A TIF Partnership Helped Create Bell Works Chicagoland 

The village of Hoffman Estates approached Zucker about using a similar adaptive reuse approach for the AT&T building, Zucker said. According to Kramer, Hoffman Estates officials realized they needed to find a developer with the capital, creativity and experience “to create something more than the typical reuse and occupation of an office building,” he said. “Inspired had all three with their Bell Works model.” 

Hoffman Estates established a tax increment financing district as a primary incentive to help move the development forward, Kramer said. “The property tax increment generated by the project goes back into a fund where a portion is shared with the developer,” he explained. The TIF froze property taxes at current rates on the commercial portion of the Bell Works redevelopment. Property taxes on the housing portion of the development are not frozen. 

The TIF went into effect in 2019 and expires in 2042, so Inspired will not have to pay higher taxes based on the value it creates for another 17 years. Any increase in tax revenue — say from Bell Works Chicagoland residences or from rising property values around the project — will service the infrastructure and improvement debt that the village of Hoffman Estates incurs related to the project, according to Valbridge Property Advisors, which appraised the property.  

“It’s estimated that the TIF will fund around 30% of the total project cost after complete buildout,” Kramer said. Zucker added of the village of Hoffman Estates: “From the beginning, they turned out to be an enthusiastic partner to work with, and they’ve always kept their focus on the goal, creating a TIF and aggressively promoting our project.”

Phase 2 Expansion Will Grow Bell Works Chicagoland 

Zucker soon will have more space to flesh out. Inspired broke ground this summer on Bell Works Chicagoland’s west side, a mirror expansion of the east side that will connect to and expand the main street-style interior corridor begun in Phase 1 and add 430,000 square feet of office, Zucker said, including about 35,000 square feet of what he calls “ready-to-wear” furnished office suites. Among the amenities will be a rooftop bar, a cafe and 70,000 square feet of new retail. Many retail, office and restaurant spaces in Phase 2 will be ready for occupancy by late 2026, he said. 

Bell Works Chicagoland’s Phase 2 will include 430,000 square feet of office and 70,000 square feet of retail.

Bell Works Chicagoland’s Phase 2 will include 430,000 square feet of office and 70,000 square feet of retail. Photo courtesy of Bell Works Chicagoland

Why Chicago Embraced the Metroburb Redevelopment Model 

As Zucker was considering expansion into the Chicago area, he was encouraged by the mixed-use remake of the city’s landmark nine-story, 2.5 million-square-foot Old Post Office. Now home to corporate offices for Walgreens, PepsiCo, Ferrara Candy Co. and Uber, plus numerous restaurants and retailers, the project signaled a strong local appetite for adaptive reuse. “It showed me the Chicago area was willing to embrace new approaches,” he said.  
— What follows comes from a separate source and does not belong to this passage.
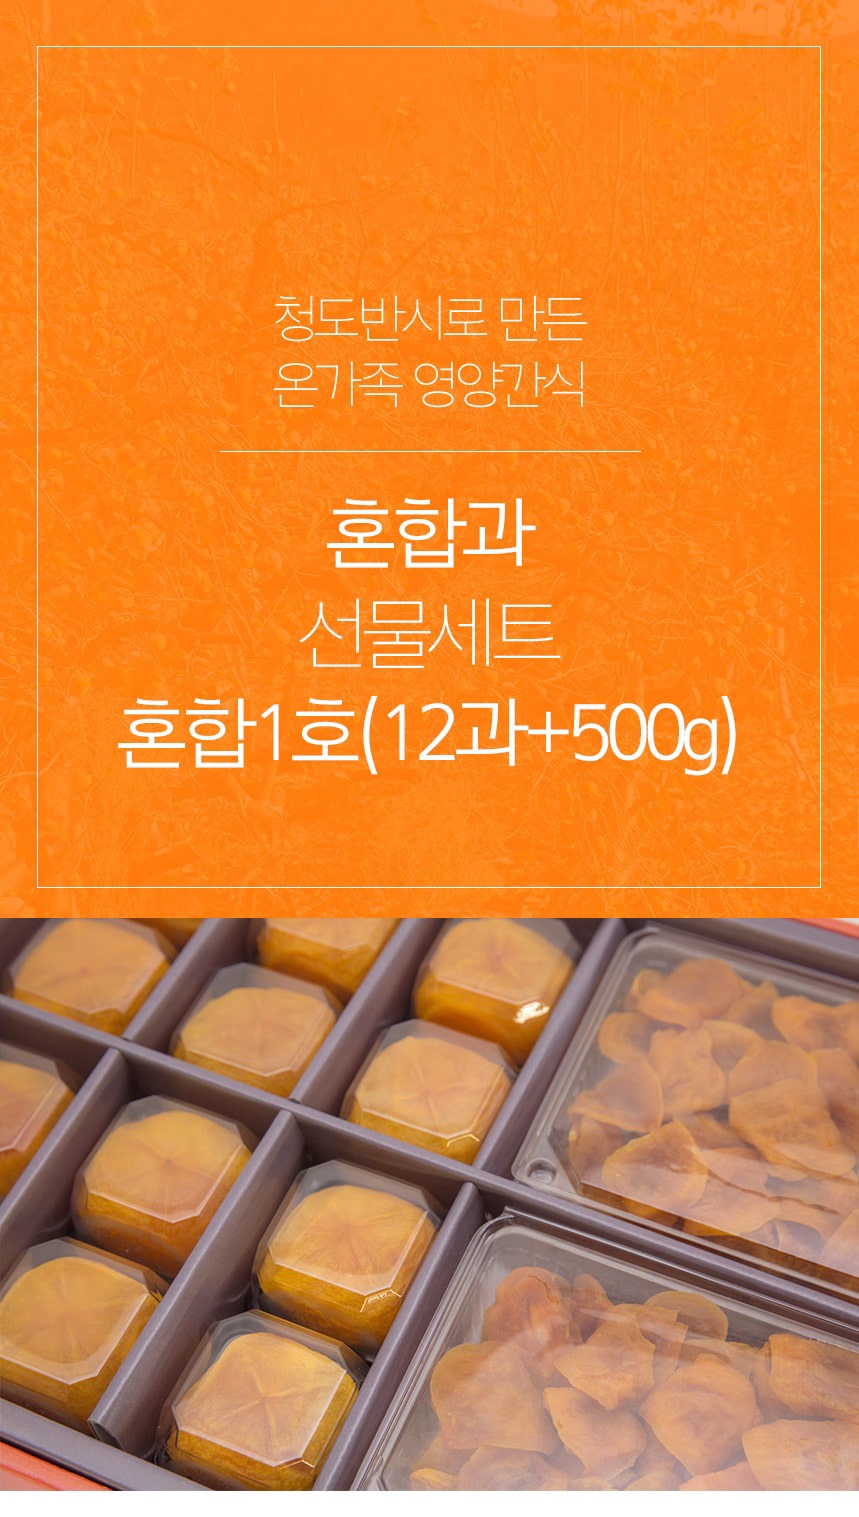 韓國食品-韓國雙款柿乾禮盒 (禮盒套裝9月20日開始送貨)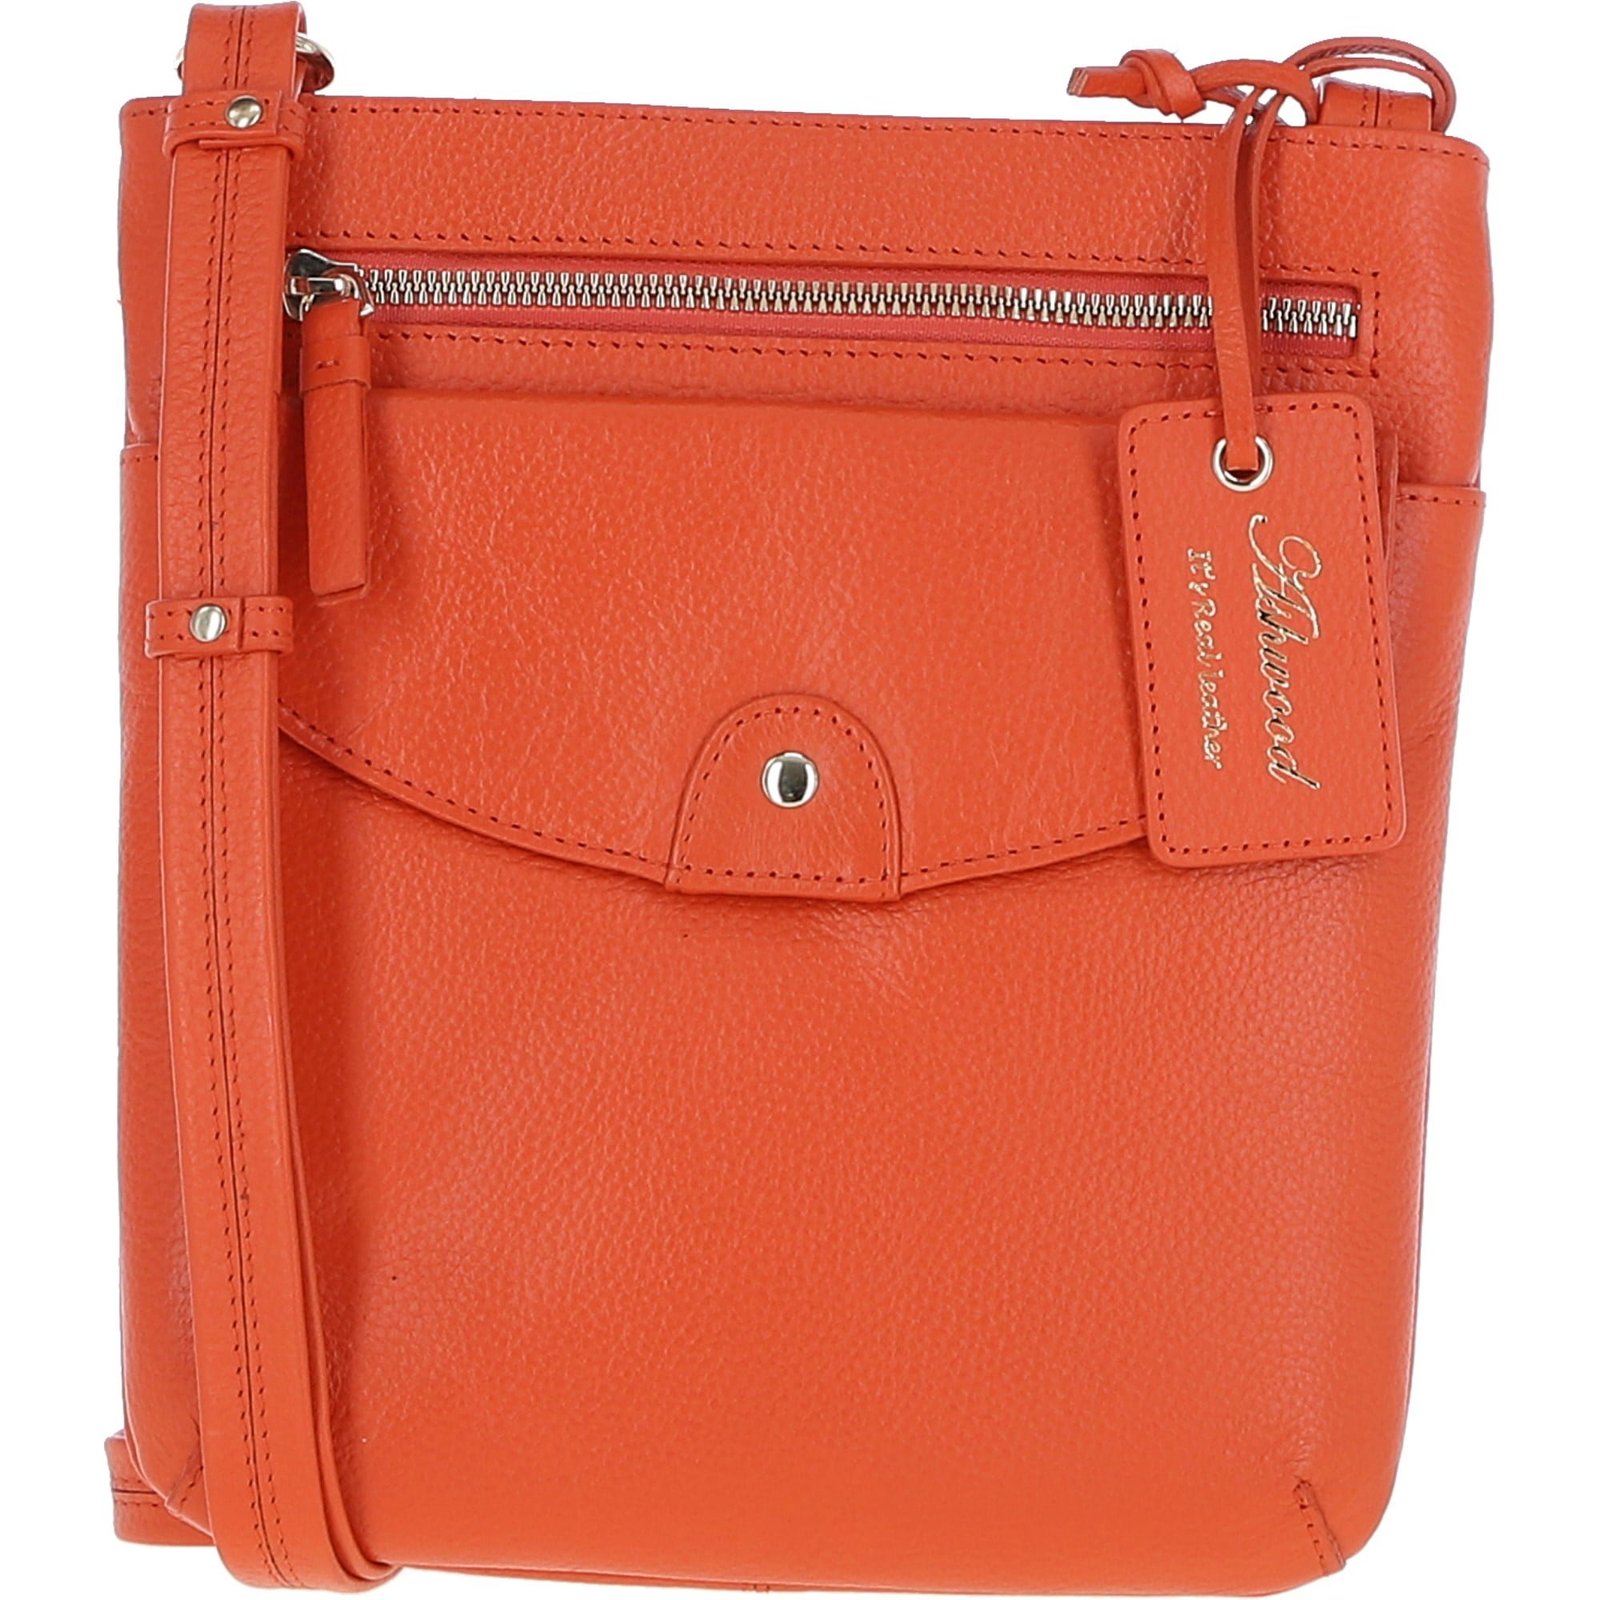 Ashwood, Bags, Ashwood Leather Handbags Uk Brown Leather Crossbody Bag  Foldover Top

But lenders, many saddled with debt from the office downturn, initially were skeptical of Bell Works Chicagoland, he said. They slowly bought in, however, convinced that today’s office workers are drawn to “walkable and amenity-rich destinations that allow them to integrate their work and personal lives seamlessly.”  

The brokerage community caught on, too. “They’ve been good to us because they realize we have a winning project,” Zucker said. “Before, we had to help people imagine what this place could be. Now, they can see it in action: a place where people work, dine, shop, play, connect and innovate.”

On the Horizon: Tinton Falls Will Become the Third Metroburb 

While there are other existing structures across the U.S. where a metroburb might work, “not many have the right bones or the right locations,” Zucker explained. One that does is about 10 miles from the Holmdel campus, in Tinton Falls, New Jersey, where Inspired purchased Commvault’s headquarters in January. The data-protection company, which once occupied the full 276,900 square feet, will lease back approximately 75,000, meaning the nation’s third metroburb will be a quarter leased before redevelopment even begins.